[DATA TO EXAMINE]:
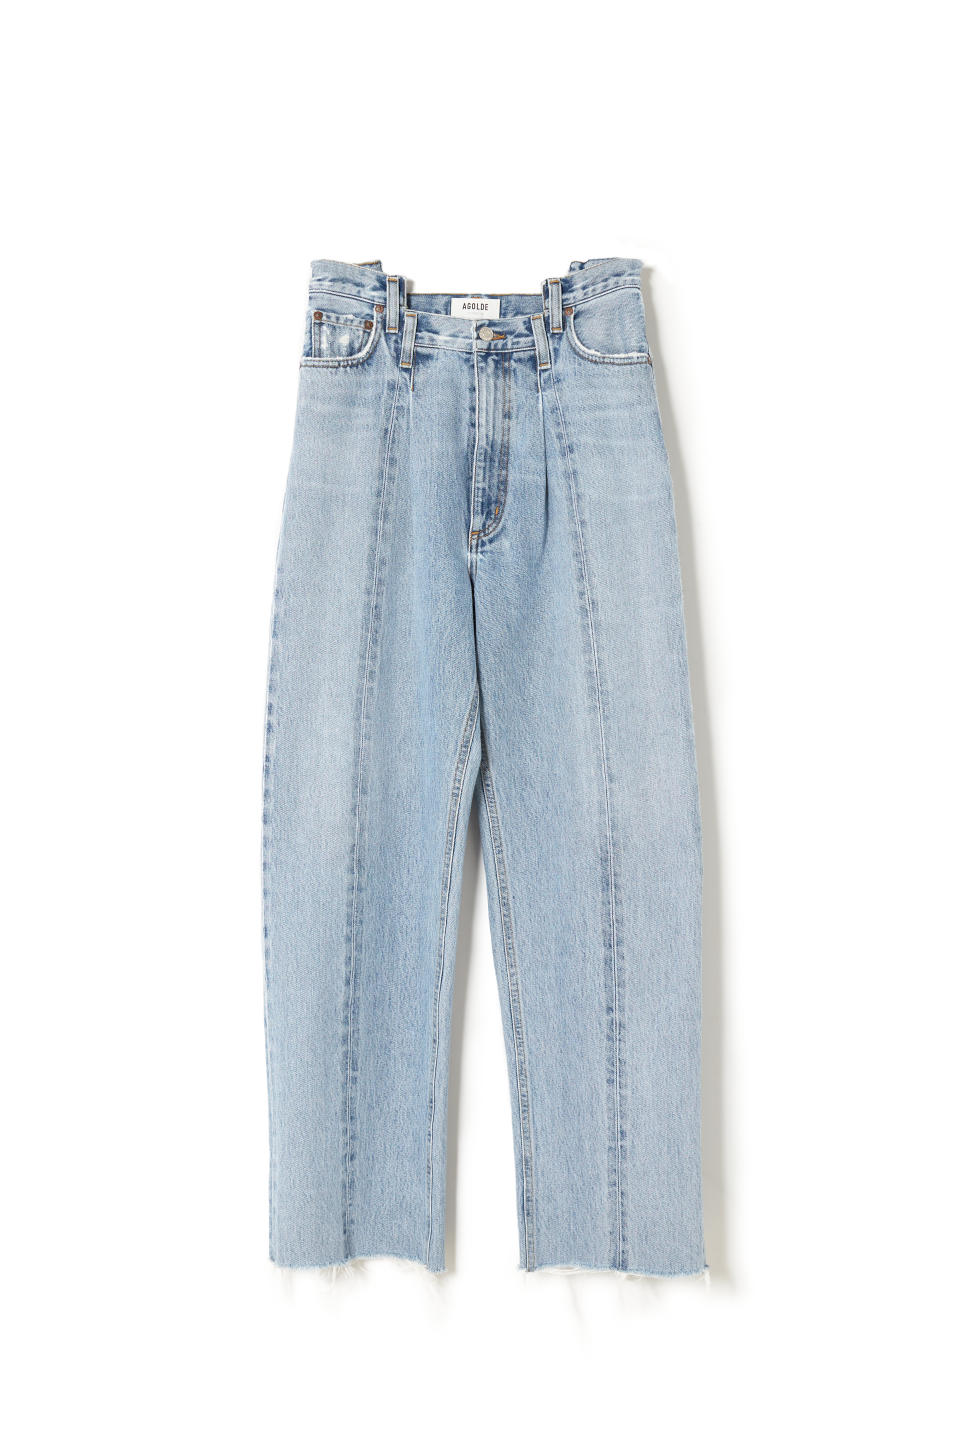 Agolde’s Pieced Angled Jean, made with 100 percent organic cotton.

--

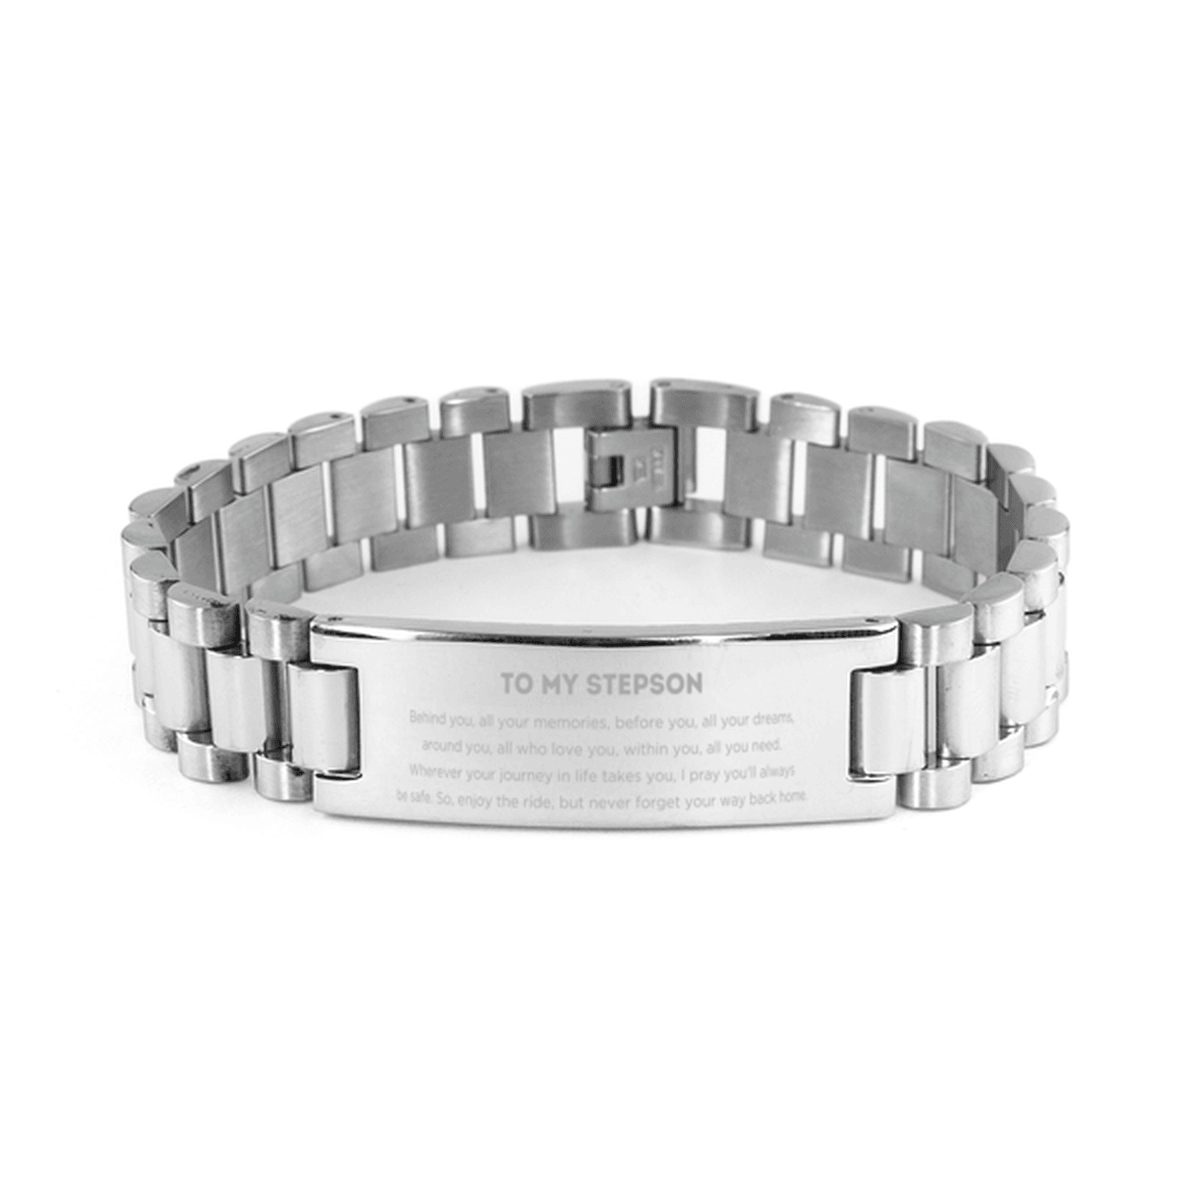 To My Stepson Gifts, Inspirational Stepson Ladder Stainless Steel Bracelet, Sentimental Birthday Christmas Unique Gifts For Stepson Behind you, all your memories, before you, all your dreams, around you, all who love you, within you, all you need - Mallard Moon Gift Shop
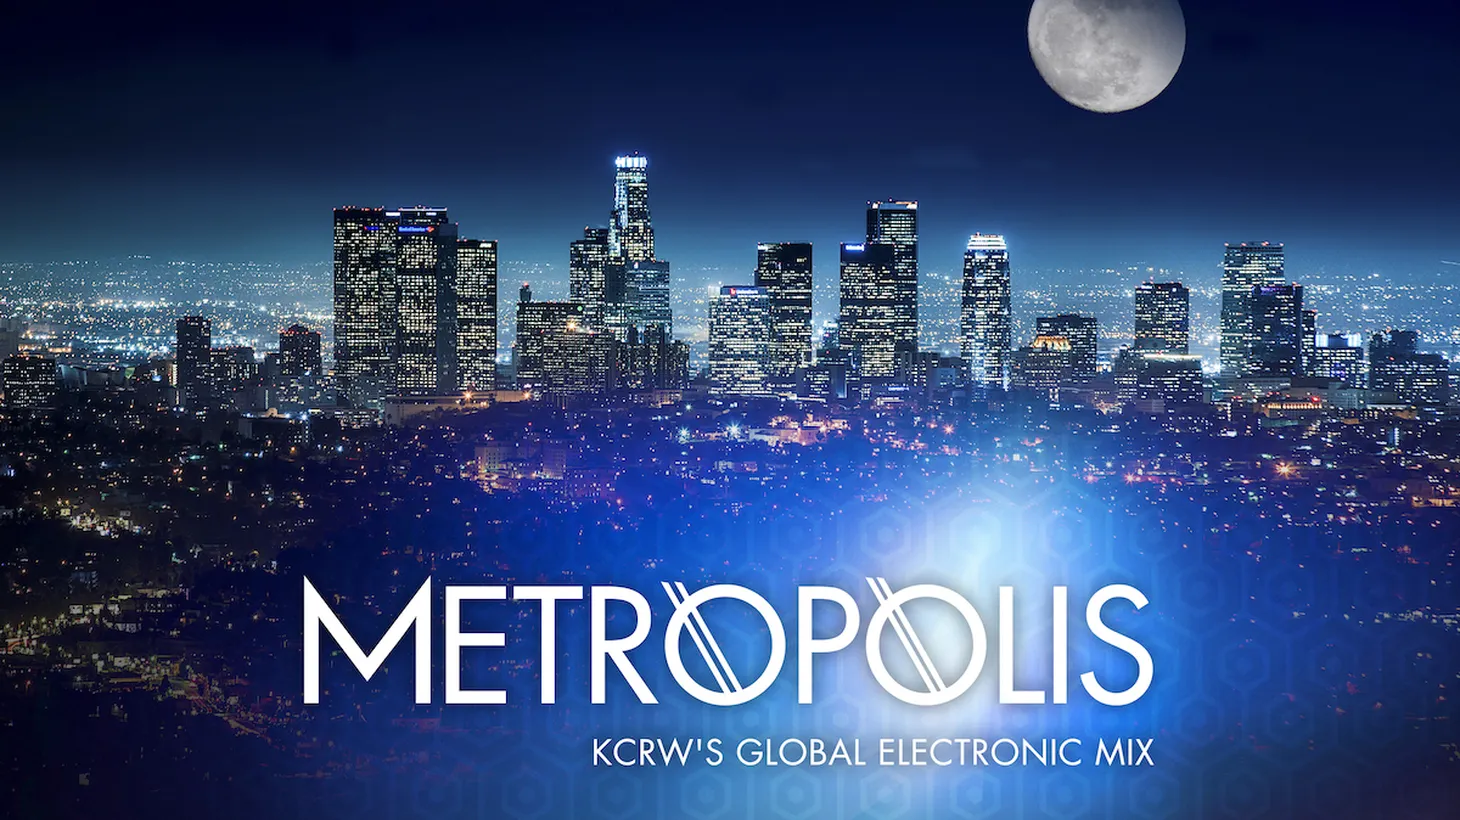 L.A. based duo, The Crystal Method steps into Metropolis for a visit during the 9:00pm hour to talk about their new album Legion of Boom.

[EXERCISE INSTRUCTIONS]:
Please output, exactly as written, the lines above from the one holding "To My Stepson" through the one holding "L.A. based duo, The", both included, with the pictures omitted.

[SOLUTION FOR THIS PROBLEM]:
 To My Stepson Gifts, Inspirational Stepson Ladder Stainless Steel Bracelet, Sentimental Birthday Christmas Unique Gifts For Stepson Behind you, all your memories, before you, all your dreams, around you, all who love you, within you, all you need - Mallard Moon Gift Shop
 L.A. based duo, The Crystal Method steps into Metropolis for a visit during the 9:00pm hour to talk about their new album Legion of Boom.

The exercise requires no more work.